Donald trump on Monday again made an appeal to deprive illegal immigrants of their right to due process, arguing that people trying to cross the border should not be allowed to court or appear before a judge.

Trump’s sustained attacks on the American judicial system come amid extraordinary condemnation of his administration’s zero-tolerance enforcement policy at the southern border, which led to more than 2,300 children being separated from their families in recent months. Trump last week was pressured into halting his administration’s practice of separating families, in an abrupt reversal that overruled the views of his hardline advisers.

“Hiring many thousands of judges, and going through a long and complicated legal process, is not the way to go – will always be disfunctional [sic]. People must simply be stopped at the Border and told they cannot come into the U.S. illegally,” Trump said via Twitter on Monday. “Children brought back to their country……”

He continued in a second tweet: “If this is done, illegal immigration will be stopped in it’s [sic] tracks – and at very little, by comparison, cost. This is the only real answer – and we must continue to BUILD THE WALL!”

The statement is tantamount to a proposal for the suspension of law. But Sarah Sanders, the White House press secretary, defended the position and insisted a judge was not always required for due process to be observed.

“Virtually all Americans agree that it makes no sense that an illegal alien sets one foot on American soil and then they would go through a three- to five-year judicial process to be removed from the country,” she told reporters, though she did not providing polling data to back this claim.

“Thousands of illegal aliens are removed every month without seeing an immigration judge as a result of procedures in current law including voluntary removal and expedited removal. Just because you don’t see a judge doesn’t mean you aren’t receiving due process.”

Sanders said that Trump was focused on securing the borders and finding “a very legal and easy immigration process”, adding: “The president would certainly like to see more expedited removal.”

The question of due process compounds an already confusing situation as Republican lawmakers scrambled to build a consensus around immigration legislation, and federal agencies work to reunite migrant families separated under Trump’s policy, with many children now scattered across the US without their parents.

The Department of Homeland Security stated over the weekend that it had reunited 522 children with parents so far. The agency also claimed to have a “well coordinated” process for reuniting families, following chaos and confusion last week.

The Pentagon is preparing to temporarily house immigrants at two military bases.

In Texas on Monday, the Customs and Border Protection commissioner, Kevin McAleenan, said agents had temporarily stopped referring for criminal prosecution cases involving parents who crossed the US border illegally with their children.

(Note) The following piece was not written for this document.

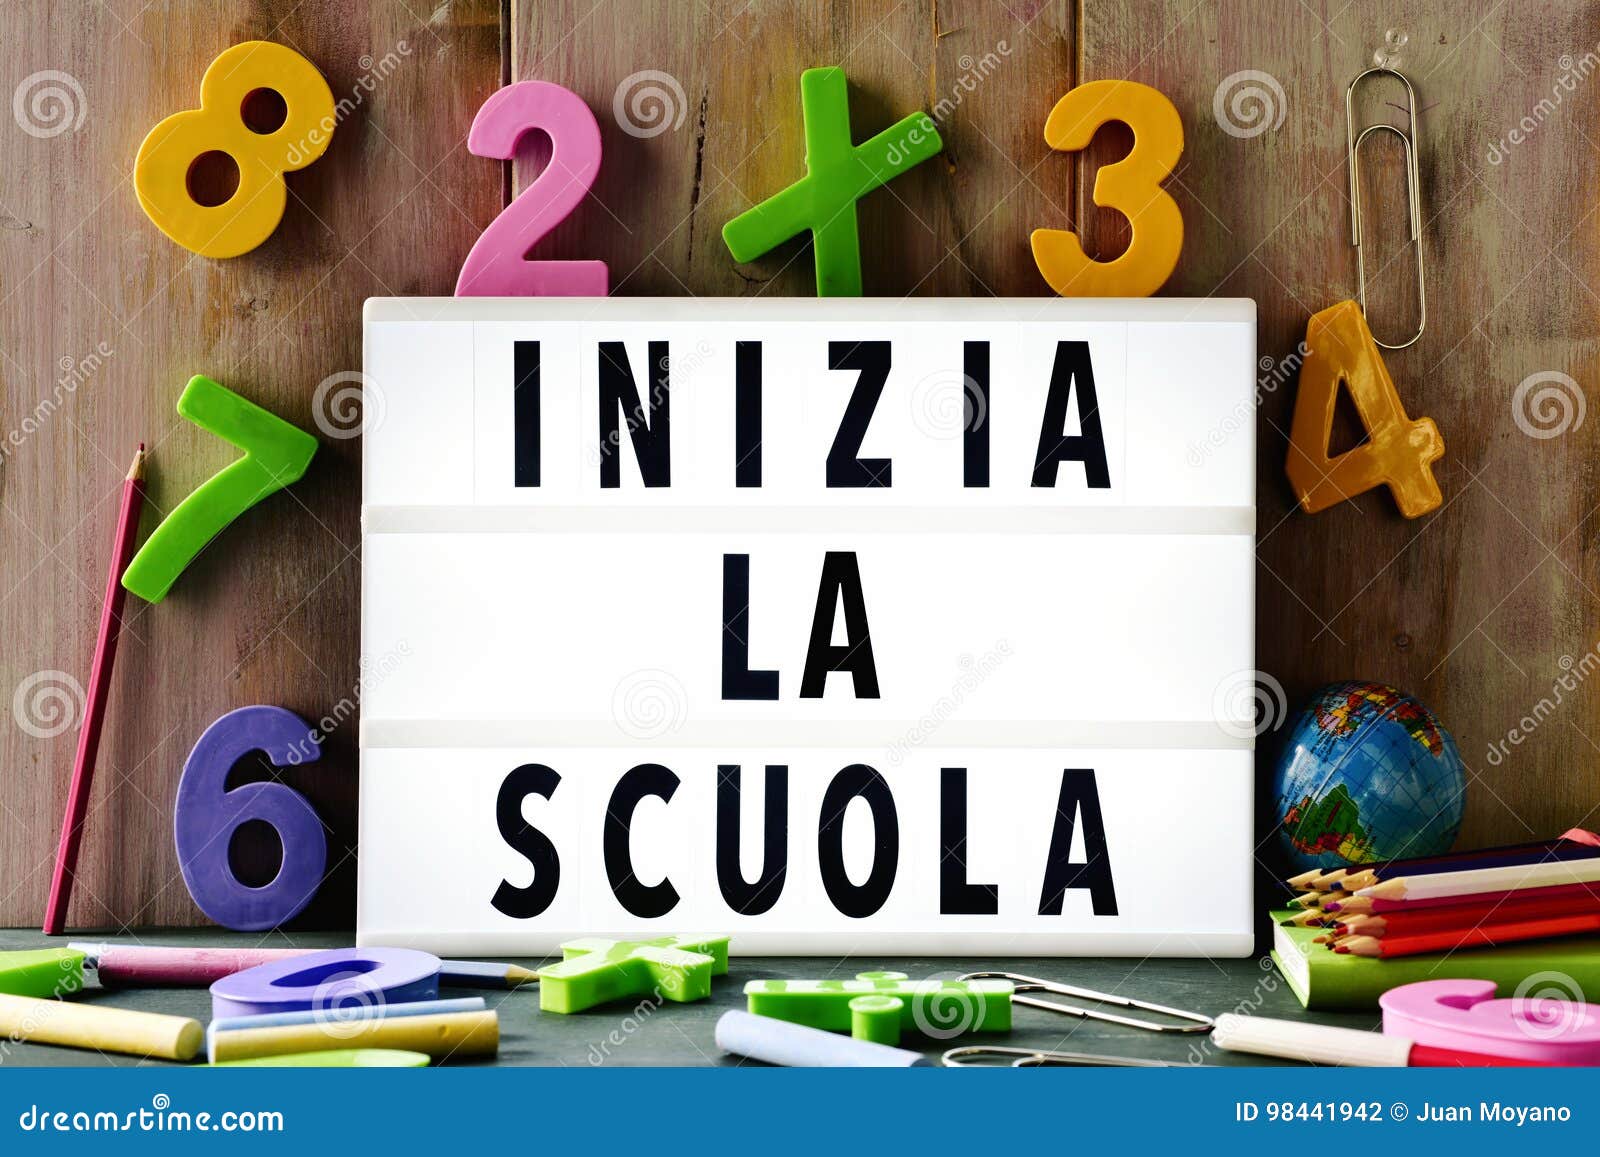 text inizia la scuola, back to school in italian

He said the zero-tolerance policy remained in effect but that halting prosecutions in these instances was necessary to comply with Trump’s executive order.

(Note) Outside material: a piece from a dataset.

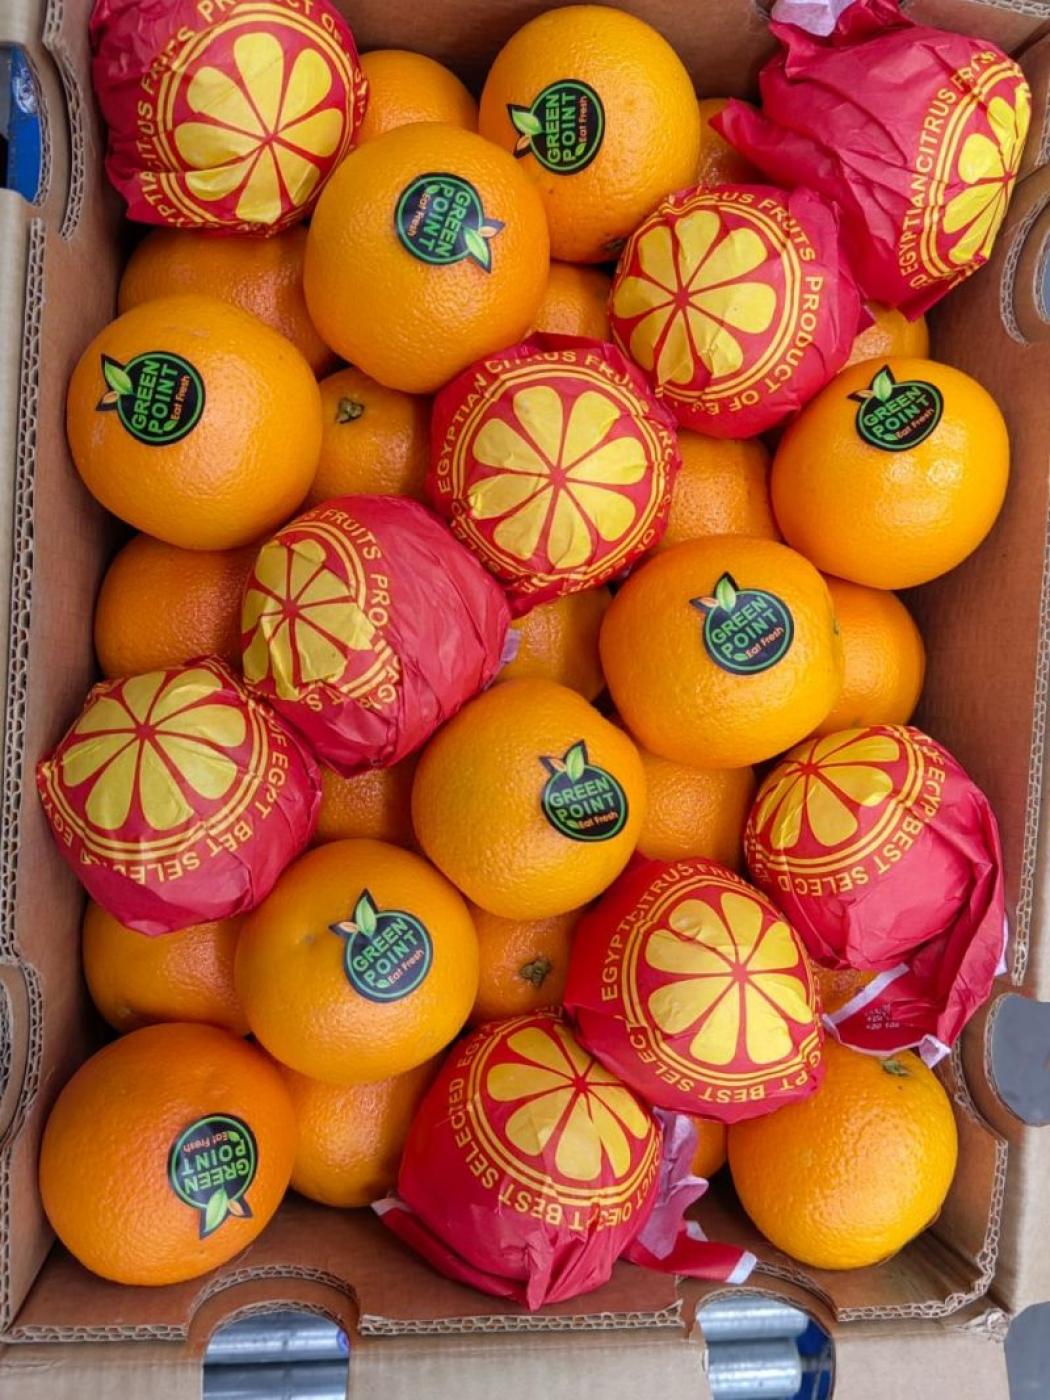 Picture for fresh Valencia orange

The House is preparing to vote this week on a broad Republican immigration bill that is expected to fall short amid Democratic opposition and a lack of consensus among GOP lawmakers on how restrictive US immigration laws should be.

The legislation attempts to resolve twin crises created by Trump: it seeks to provide a pathway to citizenship for young undocumented immigrants, known as Dreamers, who were brought to the US as children; and to end the practice of separating families at the border. The bill would also give Trump $25bn funding towards building his border wall and impose new restrictions on legal immigration.

Mark Meadows, the chairman of the conservative House Freedom Caucus, said lawmakers continued negotiations on the immigration proposal over the weekend.

But asked what he expected would happen when it came up for a vote this week, Meadows told Fox & Friends: “I would think fail right now.”

On Monday, Sanders echoed Trump’s attempts to shift the blame to his political opponents. Democrats, she said, had made it very clear they did not want to work with the president and did not want to fix the immigration system. “They’d rather have open borders and rampant crime,” she alleged.